Hello everyone and welcome to the first OUTsiders Ally and my first column. In case you have not yet figured it out, my name's Sophie and I'm the office dog (not to mention Publisher Chris's cuddle buddy). You might recall my good friends, Britain & Sydney, the old Gossip Cats who continued their writing with their owner in the lovely beachfront in Maine. They send their greetings, but you can be sure, my monthly column is all my doing, so read along with me and let's see what I found on my regular walks along the Cultural Trail and thru downtown... First off, I notice a lot of the apartment building swimming pools are open for the season and that's great, so I better issue a warning (especially to one Indy club's bartender) that you are supposed to observe the hours for the pool where you live and swimming attire is NOT optional. We hear this boy got his butt (and other parts) in hot water last Summer about 3 or 4 a.m. when he went swimming with friends in a "closed" pool and was caught shall we say bare ass even his Speedo. It's true he's a total hottie, but rules are rules!... Next up, we hear some folks just cannot get enough of the old gossip cats and that includes Club Indy's boss Aaron. How do we know? Easy! Britain & Sydney sent a text to tell us that Aaron had spent a week in Maine visiting. We hear he loved everything they showed him aside, possibly, from whole belly fried clams (slimy things those) he sampled, but they made it up to him by two visits to Gelato Fiasco for that cake batter gelato he fell in love with, just as I hear he has Maine. Indy folks who wanna try Gelato Fiasco's treats can find some of the flavors at Kroger's, Whole Foods and Fresh Market on 54th & College... Speaking of trying, this pup is still trying to figure out why someone would rent a Speedway apartment and then repaint the kitchen blood red, have some tile work done and walk away from their lease, leaving the hapless landlord to pay for these "improvements". The funniest part is when the landlady asked who in the hell

would paint a kitchen blood red she was told in a condescending manner: "You should know that's the color meat is so it makes folks hungry!" I would personally prefer Milk Bone, or that one that dogs can't believe is not bacon, but in any case I would never leave a landlord with a mess and a bill as this slug did!... Speaking of slugs, he's gonna have to slug the meter a few extra times to get money for his big move, but congrats to Foxy, a.k.a.
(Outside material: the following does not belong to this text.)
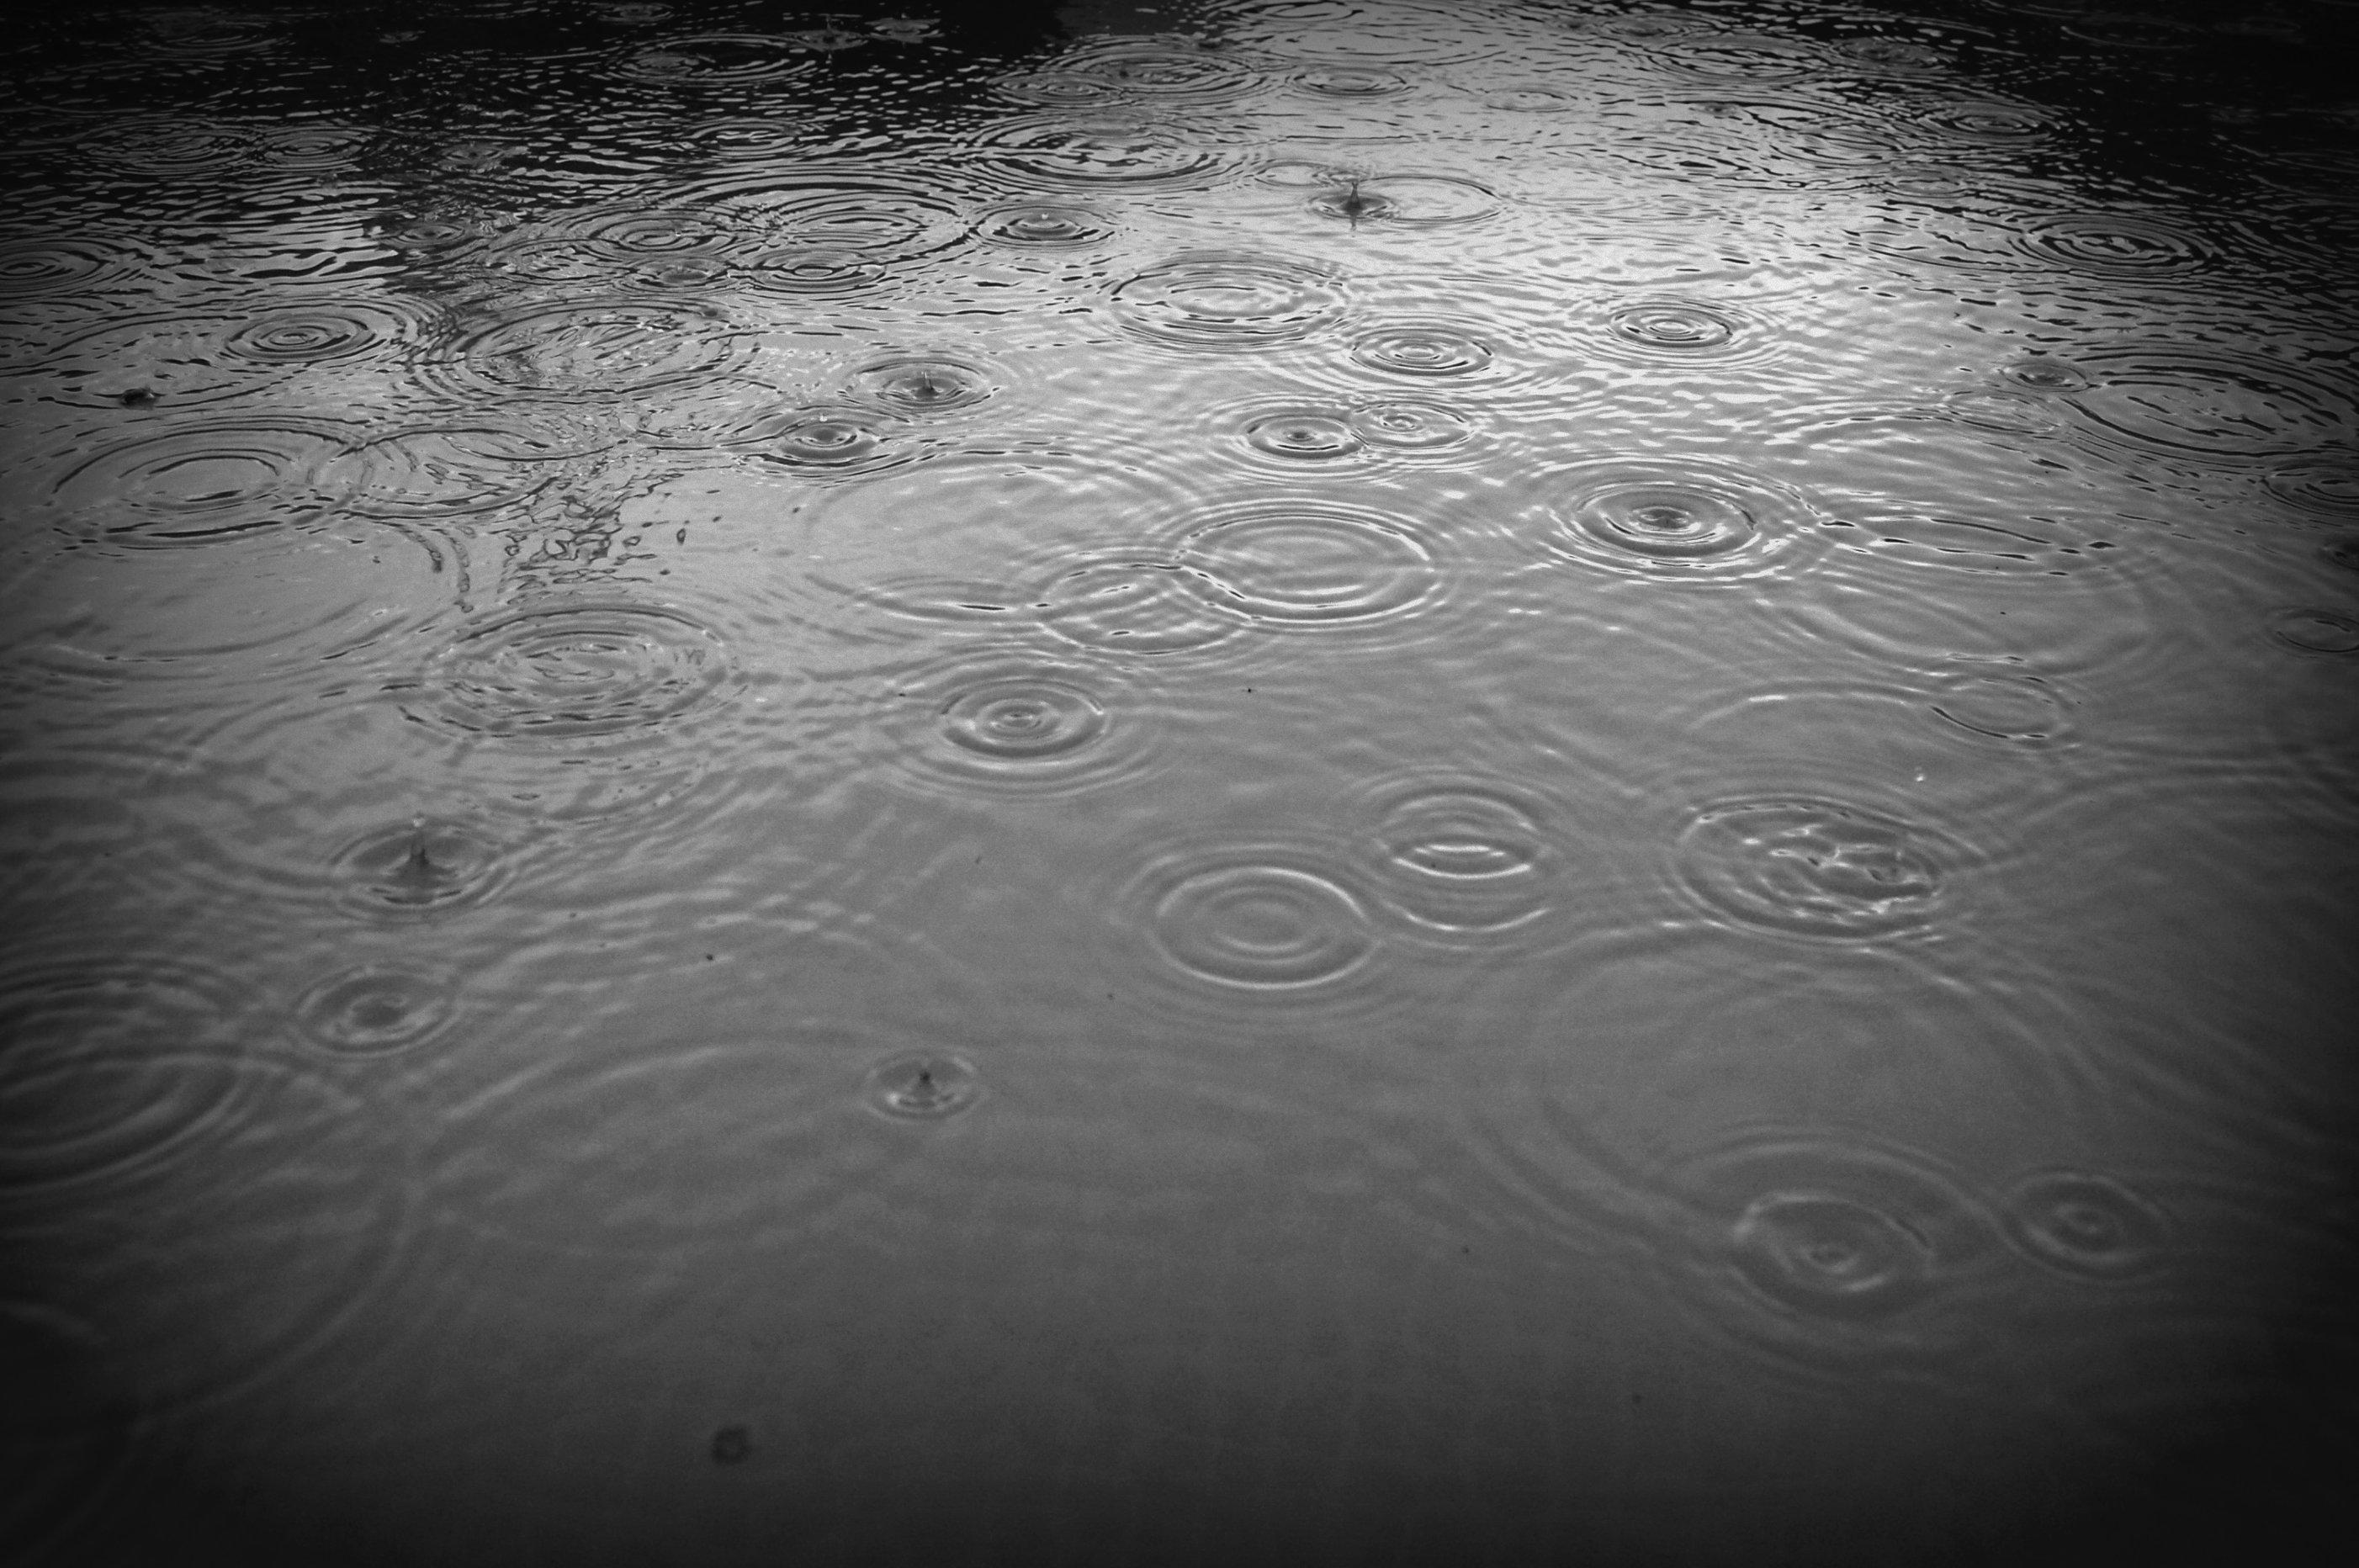 Meanwhile Outside, It's Raining via @theMagunga

Thomas, who this pup hears got a big promotion and with it a move to Knoxville. I hear Knoxville is a grand city with mountains (you know what we do not have here in Indiana) and they are the very same ones where Thomas grew up over on the Kentucky side. All this dog (and his owner) can say is we wish him all the best and Tennessee's gain is Indiana's loss!...speaking of losses much sympathy to the family and friends of Phyllis Hutton who was a good friend of the gay community and did a lot of behind-the-scenes work on pride back in the day. Mrs. Phyllis died suddenly on May 22nd and will be missed by all her old friends...And finally, I hear that a certain Keekeesha needs a little comforting as he found out recently of a hemroid problem and even some STD's. And with this, my first month, that's all the "bark" I got but stay tune in to next issue because I hear that a lot of folks love to gossip and I will be out with Chris all over town with my ears ready. Woof!